| RE: Death Answer 3/4/19 2:42 PM as a reply to deleteaccountplease thereisnofacility. That's really good stuff Nickol. Realising the true nature of the body helps to cast off identification of the self with the body. At first it may seem disgusting, but later it just part of the frame of reference. So this sense of death/bones/anmiated bag of glop filled with obscene goo that you are feeling is an opportunity. It allows you to practice mindfulness of the body at any time, for any period, even while doing other things.
Here is an extract from Thanissario's tranlsation of the relevant part of the Sattipathana Sutta.
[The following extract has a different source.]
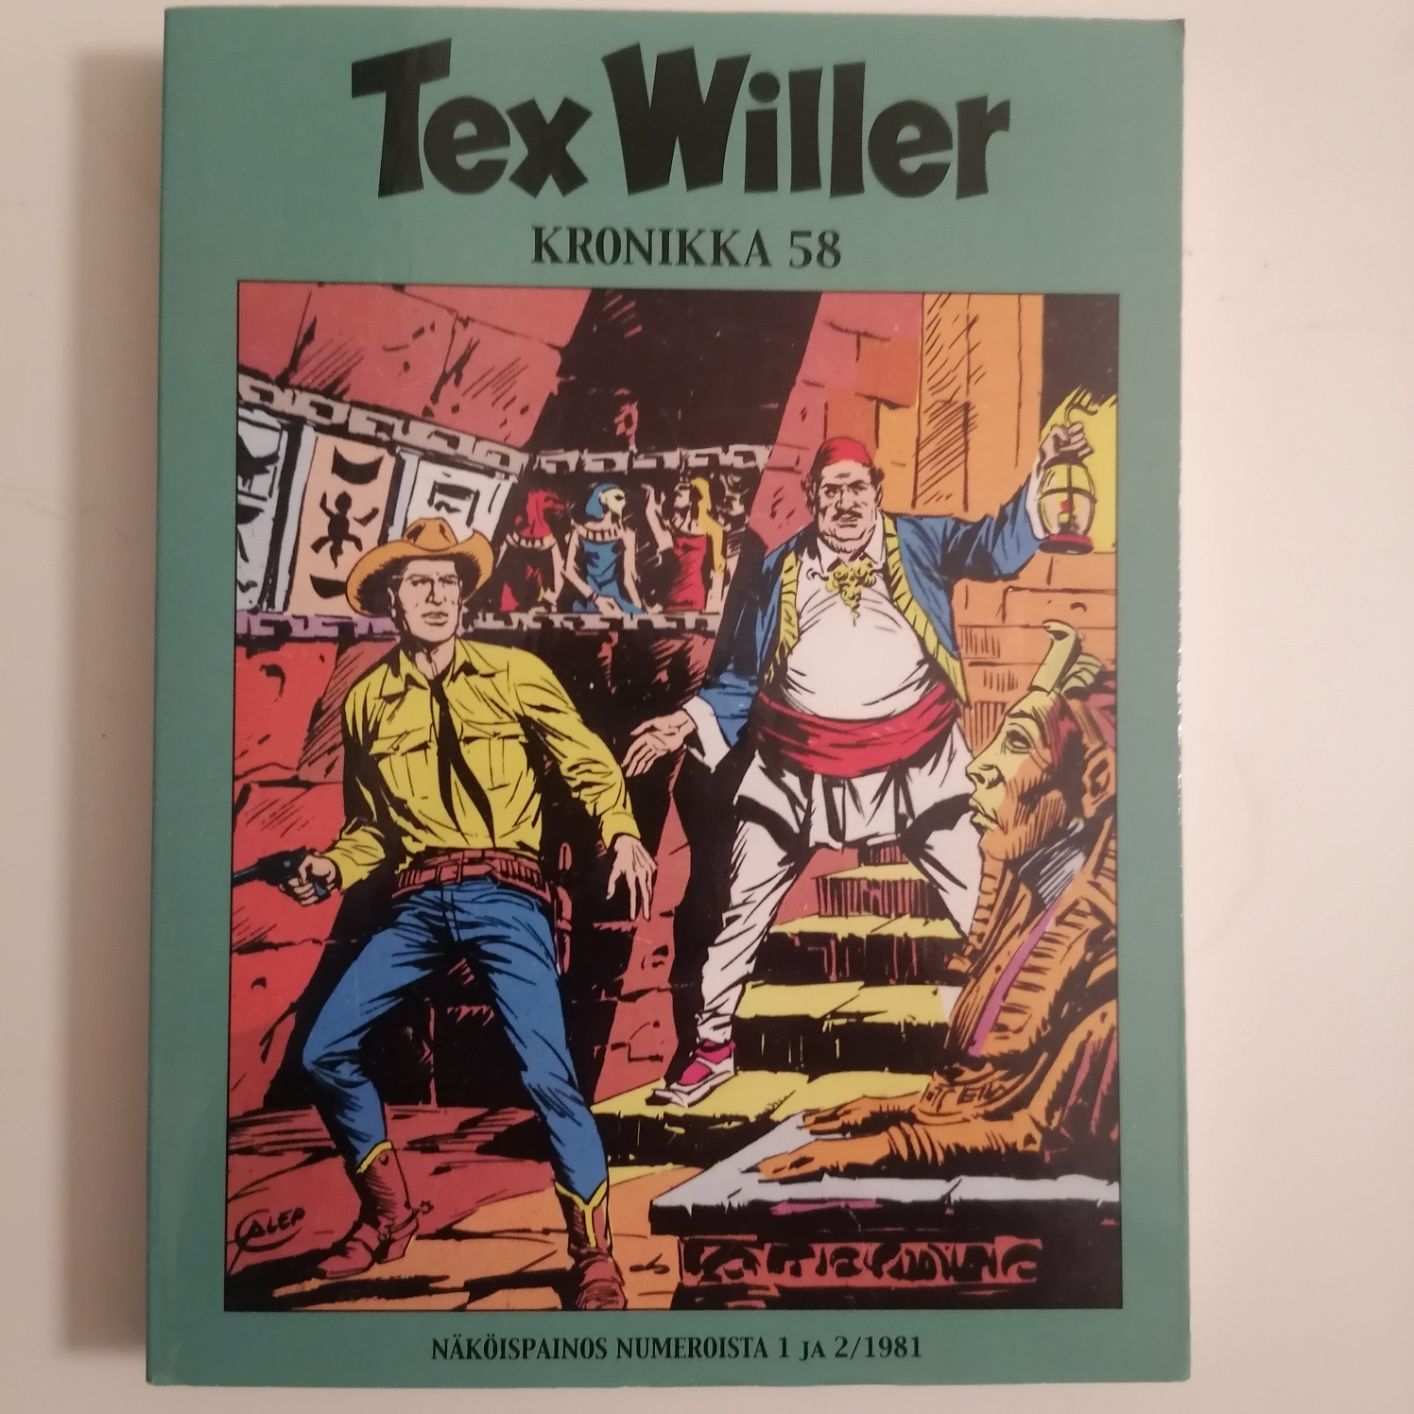 Tex Willer Kronikka 58 näköispainos 1 ja 2 / 1981 siistikuntoinen ja lukematon hinta 5,50 euroa.

"Furthermore, as if he were to see a corpse cast away in a charnel ground — one day, two days, three days dead — bloated, livid, & festering, he applies it to this very body, 'This body, too: Such is its nature, such is its future, such its unavoidable fate'..."Or again, as if he were to see a corpse cast away in a charnel ground, picked at by crows, vultures, & hawks, by dogs, hyenas, & various other creatures... a skeleton smeared with flesh & blood, connected with tendons... a fleshless skeleton smeared with blood, connected with tendons... a skeleton without flesh or blood, connected with tendons... bones detached from their tendons, scattered in all directions — here a hand bone, there a foot bone, here a shin bone, there a thigh bone, here a hip bone, there a back bone, here a rib, there a breast bone, here a shoulder bone, there a neck bone, here a jaw bone, there a tooth, here a skull... the bones whitened, somewhat like the color of shells... piled up, more than a year old... decomposed into a powder: He applies it to this very body, 'This body, too: Such is its nature, such is its future, such its unavoidable fate."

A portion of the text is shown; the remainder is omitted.